# Lights on your Bobcat



## sqkcrk (Dec 10, 2005)

How many of you guys have special lights, or modified lights, on your skidsteer loader for working in the dark. Are there really lights which bees don't come at you like they do w/ white light? I put red gel over my Bobcat lights, but still get bees coming at me. Maybe not as bad as if they were still white. Would orange be better? A friend had some lights mounted low on the face of his machine, behind the headboard, so the edge of the truck would be illuminated. Anybody else do something like that? What about on top of the cab?

I don't like working in the dark, but sometimes one can help doing so. How do you handle the dark?


----------



## jim lyon (Feb 19, 2006)

We use amber. They still fly at them some but not too bad. I read a study someone did once that said amber was a bit more difficult for bees to see than red. It also helps a lot not to wear white clothing at night.


----------



## sqkcrk (Dec 10, 2005)

I'm thinking that since bees can't see red, maybe the white light behind the gel still shines through. I don't know.


----------



## dbest (Aug 9, 2005)

I use Red LED Tail lights in the 4" rubber tractor housings. You can wire the tail and brake lights to different switches so you have brights and dims. I think I have around 10 or 11 mounted on the mast.
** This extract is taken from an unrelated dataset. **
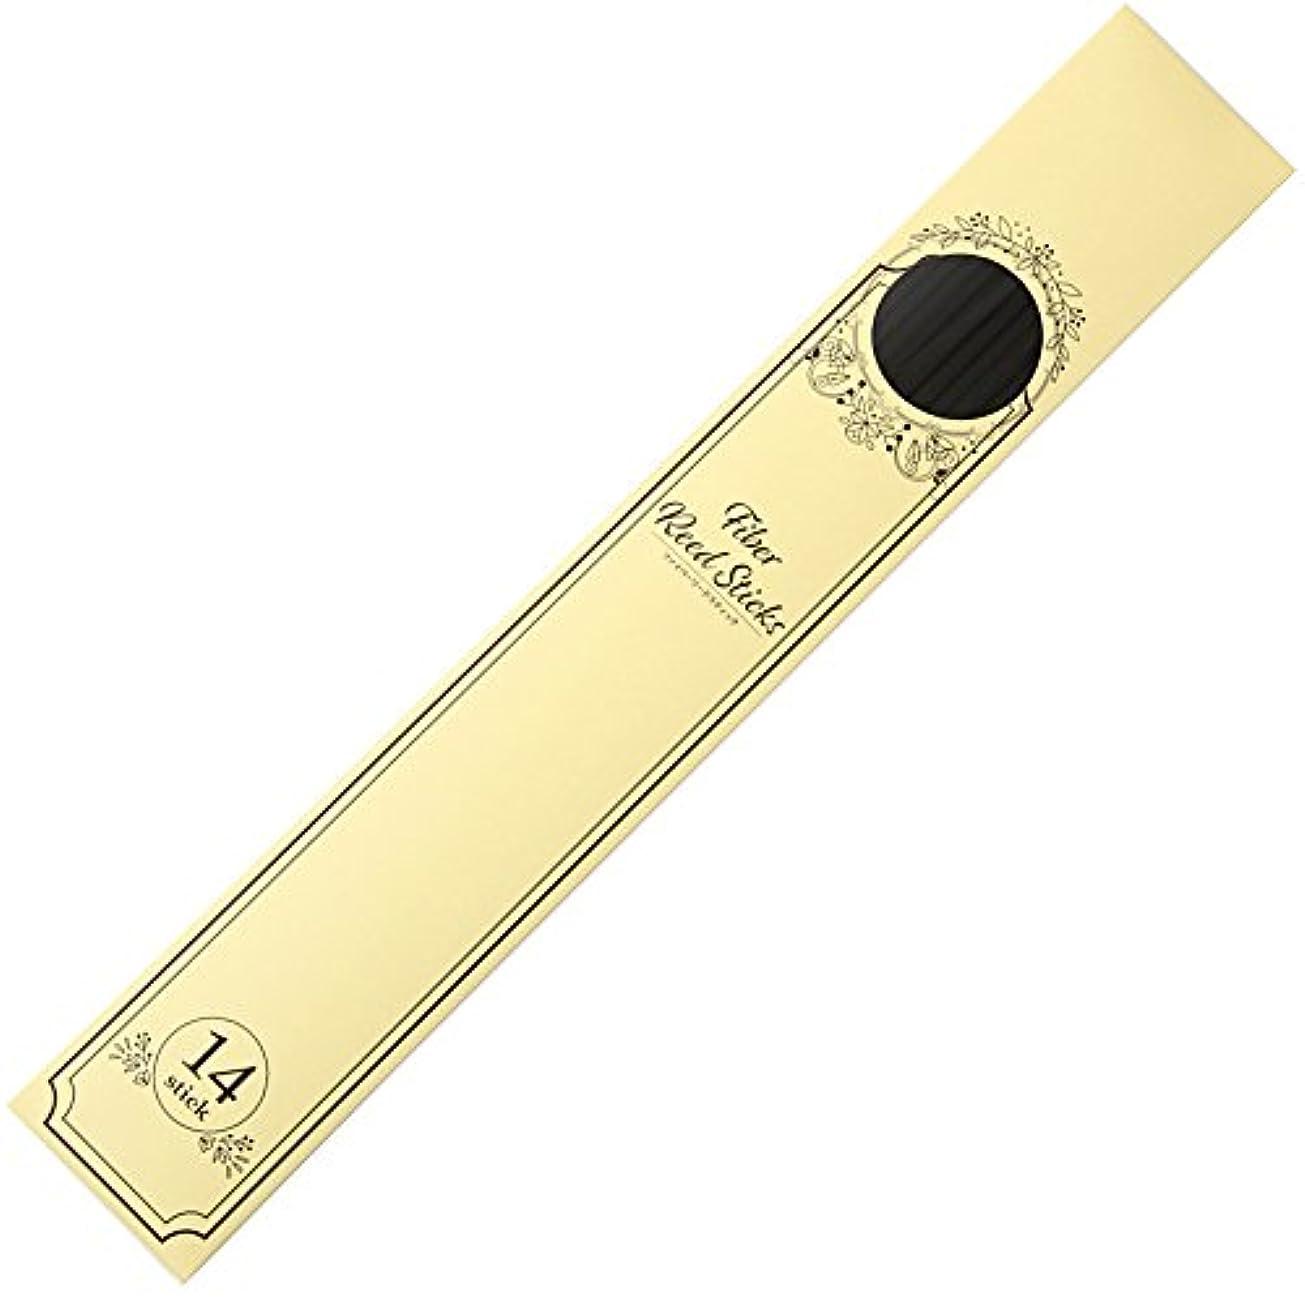 亜熱帯イブタイプライターbaobab(バオバブ) リードディフューザー用 リードスティック リフィル [ファイバーリードスティック 30㎝] 14本 全7色 (ブラック)

I have one all the way at the bottom so I can see my forks when they're down.


----------



## BeeTech (Mar 19, 2012)

Maybe if you used a LED based light where only red light is produced rather than a white light filtered down to red. Perhaps a one of those red LED stoplights (maybe with a difuser to spread the beam). You could also try an LED amber from a stoplight also.


----------



## AstroZomBEE (Aug 1, 2006)

We use amber, but we wire it into the left trigger control on our bobcats. that way the lights are normally off and only turn them on for a second or two to see when you are picking up or setting a pallet down, and just normally run around by moonlight.


----------



## BMAC (Jun 23, 2009)

dbest said:


> I have one all the way at the bottom so I can see my forks when they're down.
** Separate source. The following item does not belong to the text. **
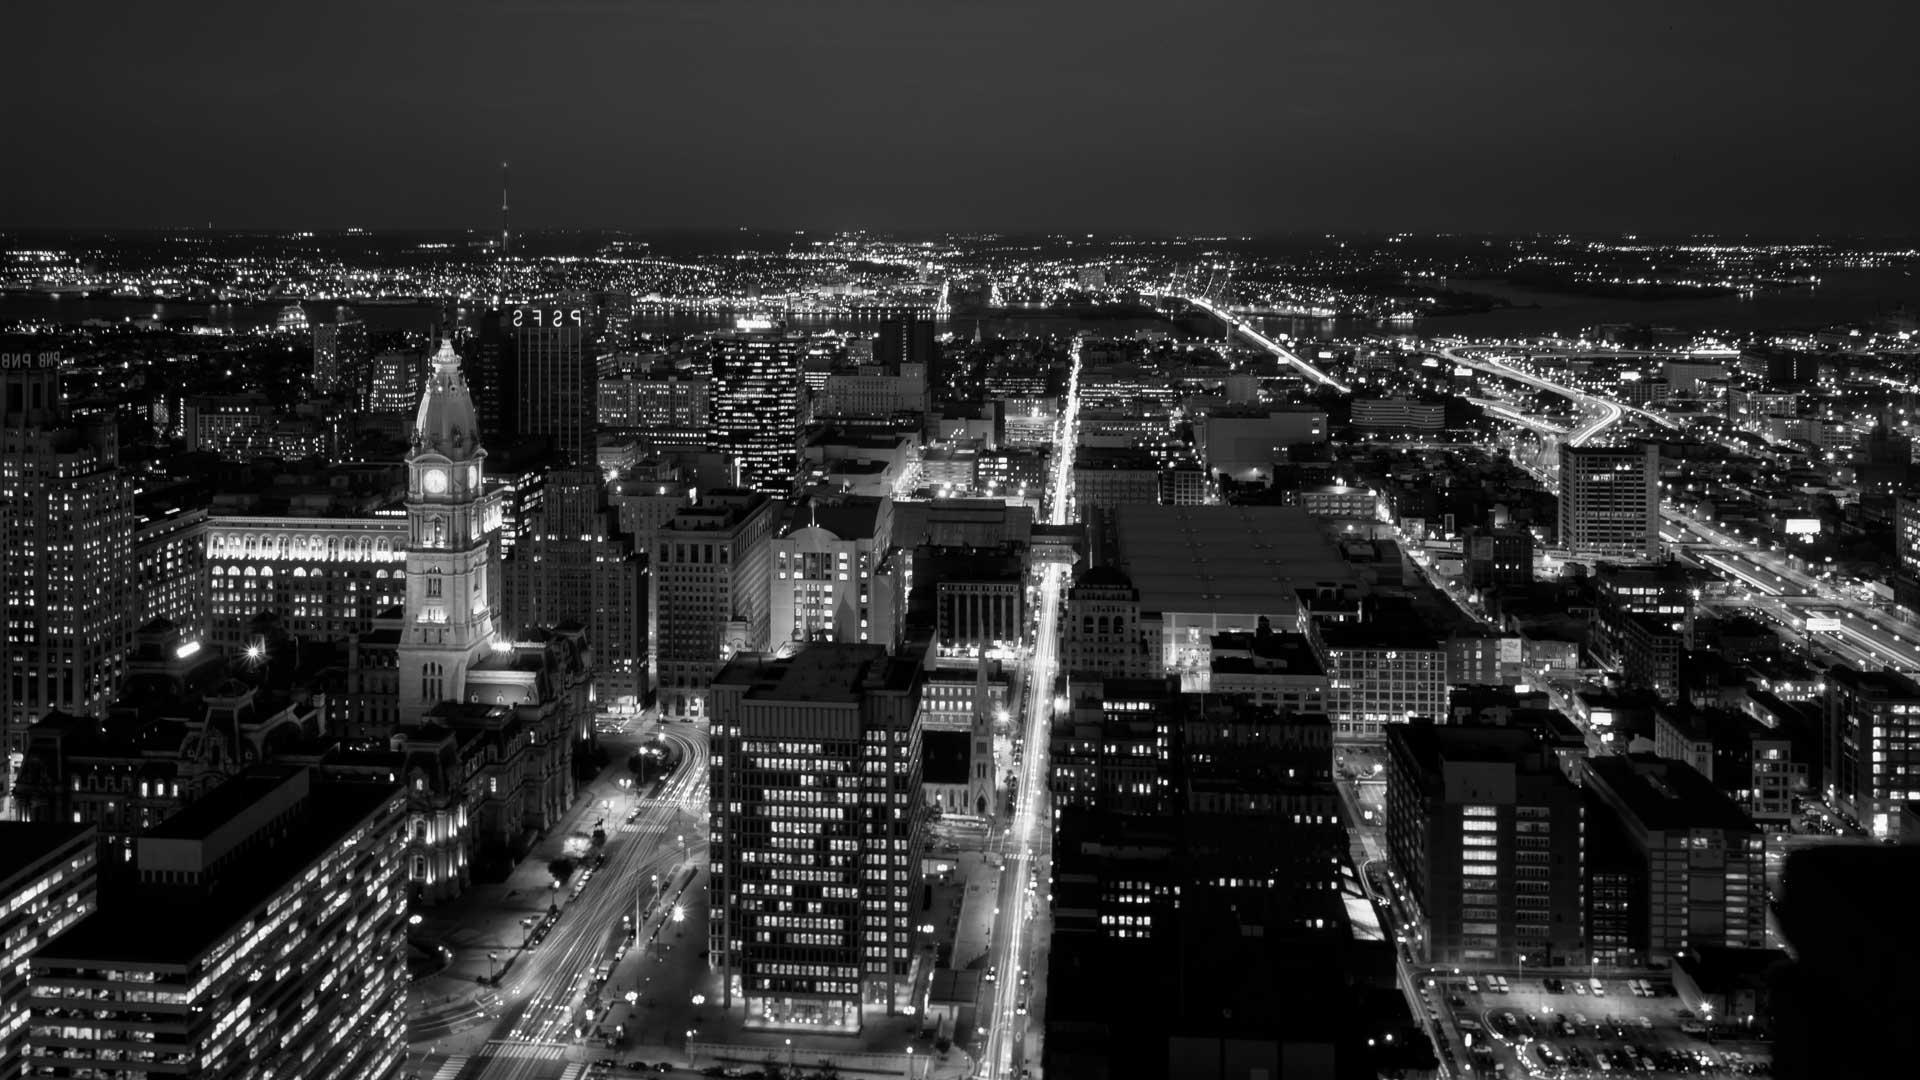 philadelphian city at night

I have been considering placing lights on the lower part of my forks for my skidsteer just for the purpose of seeing fork tips at night time. I usually have another person spotting me when loading/unloading semis but my spotter can never get it right about my fork tips. Its good to see someone has actually done and apparently likes what I was thinking about doing. Maybe a nice little project today as I wait for customers to come buy NUCs.


----------



## tommyt (Aug 7, 2010)

Has anyone tried those light sticks the type you shake and break


----------



## Skinner Apiaries (Sep 1, 2009)

Ive got some regular off road lights mounted low on my bobcat so I can see the forks when Im loading and unloading, started burning fuses out after a year, and have just left them disconnected.


----------



## dbest (Aug 9, 2005)

Skinner Apiaries said:


> Ive got some regular off road lights mounted low on my bobcat so I can see the forks when Im loading and unloading, started burning fuses out after a year, and have just left them disconnected.
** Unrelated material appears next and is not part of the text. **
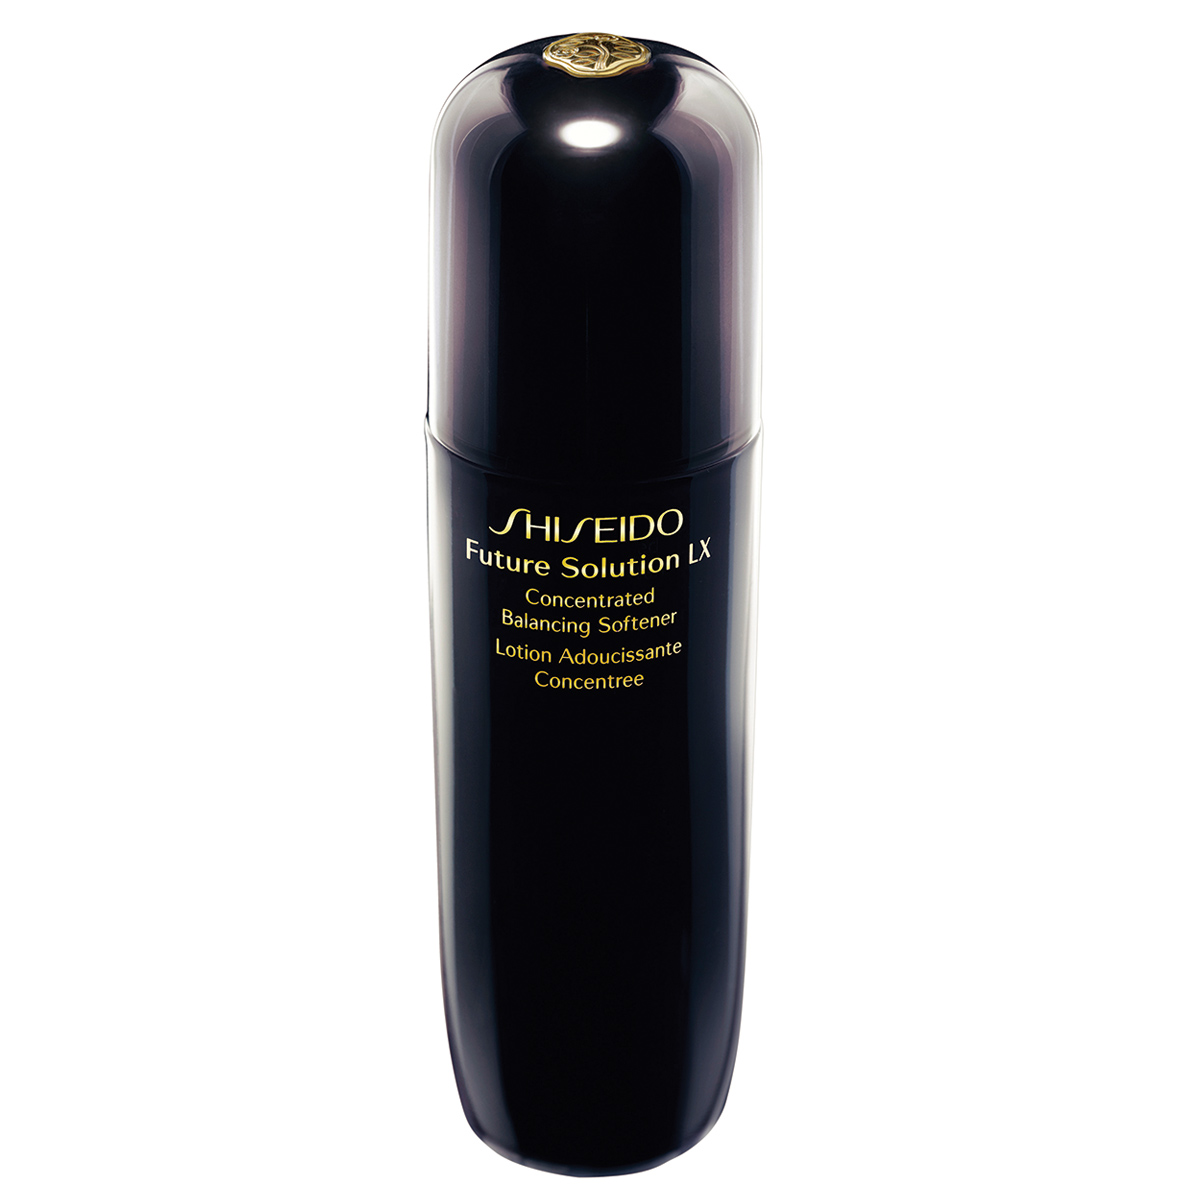 Shiseido - Future Solution Lx - Lotion Adoucissante Concentrée 150 ml

Sounds like you need a relay!


----------



## Skinner Apiaries (Sep 1, 2009)

dennie, its always diy, i need to get it put in by someone that knows what theyre doin


----------



## Mtn. Bee (Nov 10, 2009)

I was told by a few old commercial beeks to go with amber and mount them low by the forks to pull the bees down and away from operator as much as possible!
Just bought some switches and elec. supplies the other day to get my skid steer set up, but didn't buy the lights yet as the store I was at didn't have much for options.


----------



## Tim Stewart (Jul 19, 2009)

At least paint your forks white. 

Tim


----------